Real AI apps do more than one LLM call per request. A RAG pipeline, for example, retrieves documents, reranks them, constructs a context window, and then generates an answer. Langfuse lets you nest spans inside a trace to make this visible.

// app/api/rag-chat/route.ts
import { NextRequest, NextResponse } from "next/server";
import OpenAI from "openai";
import { langfuse } from "@/lib/langfuse";
 
const openai = new OpenAI({ apiKey: process.env.OPENAI_API_KEY });
 
// Placeholder — replace with your actual vector search client
async function retrieveDocuments(query: string) {
  return [
    { id: "doc-1", content: "Relevant passage about the topic..." },
    { id: "doc-2", content: "Another relevant passage..." },
  ];
}
 
export async function POST(req: NextRequest) {
  const { query, userId, sessionId } = await req.json();
 
  const trace = langfuse.trace({
    name: "rag-chat",
    userId,
    sessionId,
    input: { query },
  });
 
  // Span 1: document retrieval
  const retrievalSpan = trace.span({
    name: "vector-retrieval",
    input: { query },
  });
  const documents = await retrieveDocuments(query);
  retrievalSpan.end({
    output: { documentCount: documents.length, documentIds: documents.map((d) => d.id) },
  });
 
  // Span 2: context construction
  const contextSpan = trace.span({ name: "context-construction" });
  const context = documents.map((d) => d.content).join("\n\n");
  const messages: OpenAI.ChatCompletionMessageParam[] = [
    { role: "system", content: "Answer using only the provided context." },
    { role: "user", content: `Context:\n${context}\n\nQuestion: ${query}` },
  ];
  contextSpan.end({ output: { tokenEstimate: context.length / 4 } });
 
  // Span 3: LLM generation
  const generation = trace.generation({
    name: "answer-generation",
    model: "gpt-4o",
    input: messages,
  });
 
  const response = await openai.chat.completions.create({
    model: "gpt-4o",
    messages,
  });
 
  const answer = response.choices[0].message.content ?? "";
 
  generation.end({
    output: answer,
    usage: {
      promptTokens: response.usage?.prompt_tokens,
      completionTokens: response.usage?.completion_tokens,
      totalTokens: response.usage?.total_tokens,
    },
  });
 
  trace.update({ output: { answer } });
  await langfuse.flushAsync();
 
  return NextResponse.json({ answer, traceId: trace.id });
}

In the Langfuse dashboard the trace now shows as a tree: the root trace with three children (retrieval span, context span, generation). You can see exactly where time is spent and how each step contributes to the final answer.

Step 5: Collect User Feedback

Connecting user thumbs-up/thumbs-down to your traces closes the loop between user experience and model performance. Langfuse calls these scores — they can come from users, automated evals, or human reviewers.
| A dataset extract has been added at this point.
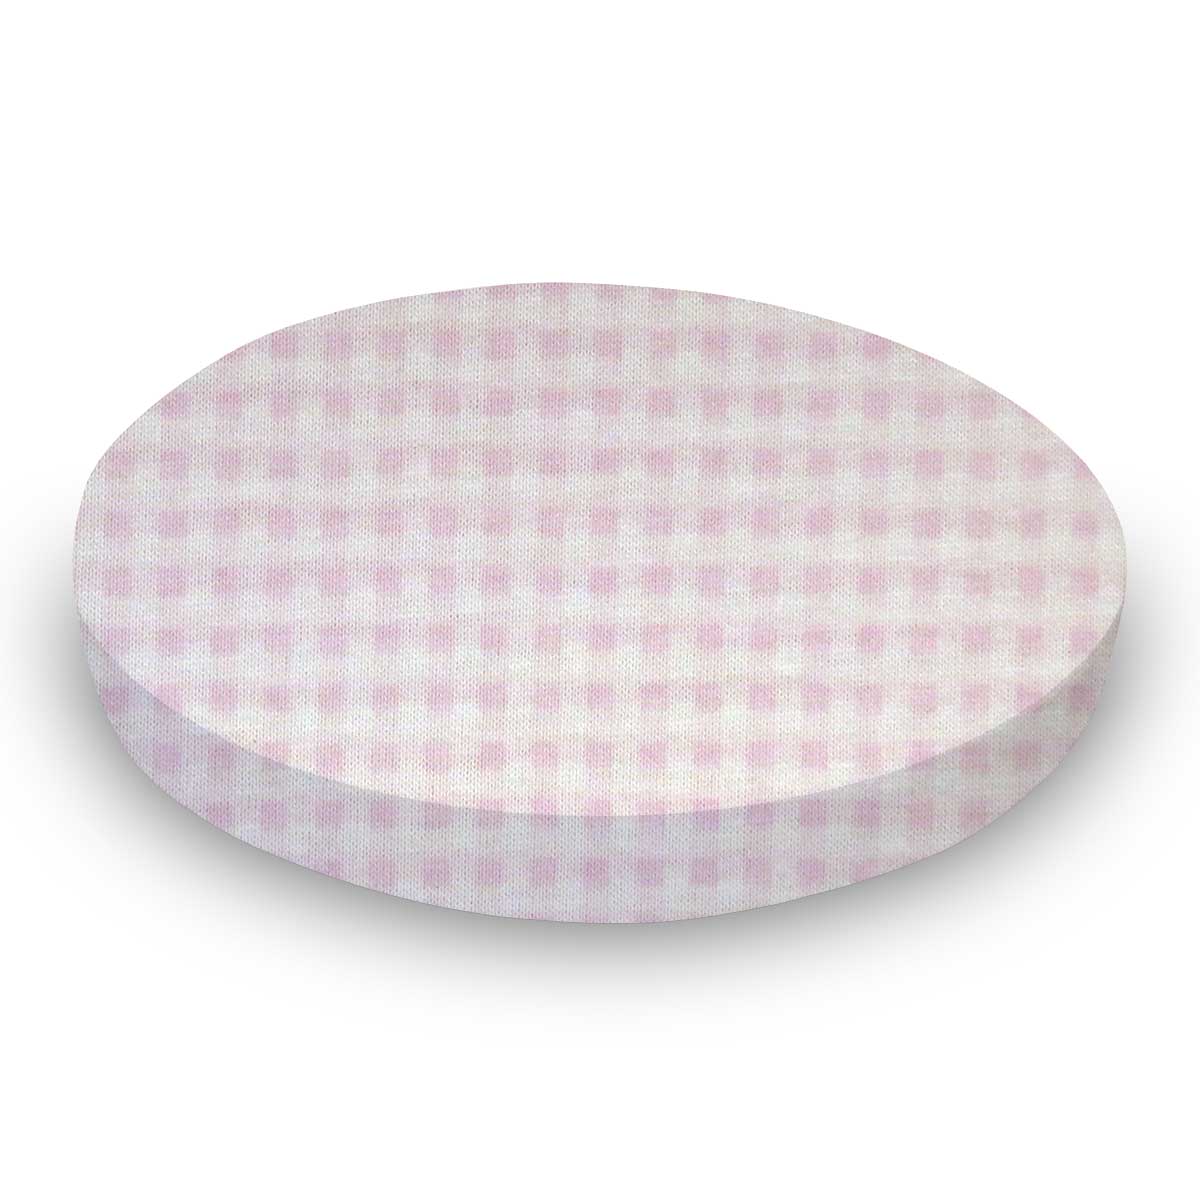 Oval (Stokke Mini) - Pink Gingham Jersey Knit - Fitted  Oval

First, expose a feedback endpoint:

// app/api/feedback/route.ts
import { NextRequest, NextResponse } from "next/server";
import { langfuse } from "@/lib/langfuse";
 
export async function POST(req: NextRequest) {
  const { traceId, value, comment } = await req.json();
 
  // value: 1 for thumbs up, 0 for thumbs down
  langfuse.score({
    traceId,
    name: "user-feedback",
    value,
    comment: comment ?? undefined,
    dataType: "BOOLEAN",
  });
 
  await langfuse.flushAsync();
  return NextResponse.json({ ok: true });
}

Then wire up the UI. Here is a minimal React component:

// components/FeedbackButtons.tsx
"use client";
 
import { useState } from "react";
 
interface FeedbackButtonsProps {
  traceId: string;
}
 
export function FeedbackButtons({ traceId }: FeedbackButtonsProps) {
  const [submitted, setSubmitted] = useState<boolean | null>(null);
 
  const sendFeedback = async (value: 0 | 1) => {
    setSubmitted(value === 1);
    await fetch("/api/feedback", {
      method: "POST",
      headers: { "Content-Type": "application/json" },
      body: JSON.stringify({ traceId, value }),
    });
  };
 
  if (submitted !== null) {
    return <p className="text-sm text-gray-500">Thanks for your feedback!</p>;
  }
 
  return (
    <div className="flex gap-2 mt-2">
      <button
        onClick={() => sendFeedback(1)}
        className="px-3 py-1 text-sm border rounded hover:bg-green-50"
      >
        👍 Helpful
      </button>
      <button
        onClick={() => sendFeedback(0)}
        className="px-3 py-1 text-sm border rounded hover:bg-red-50"
      >
        👎 Not helpful
      </button>
    </div>
  );
}

Pass the traceId returned by your API route to this component after each AI response. Scores immediately appear in Langfuse, where you can filter traces by score, see which sessions have the most negative feedback, and correlate quality dips with specific prompt versions or model changes.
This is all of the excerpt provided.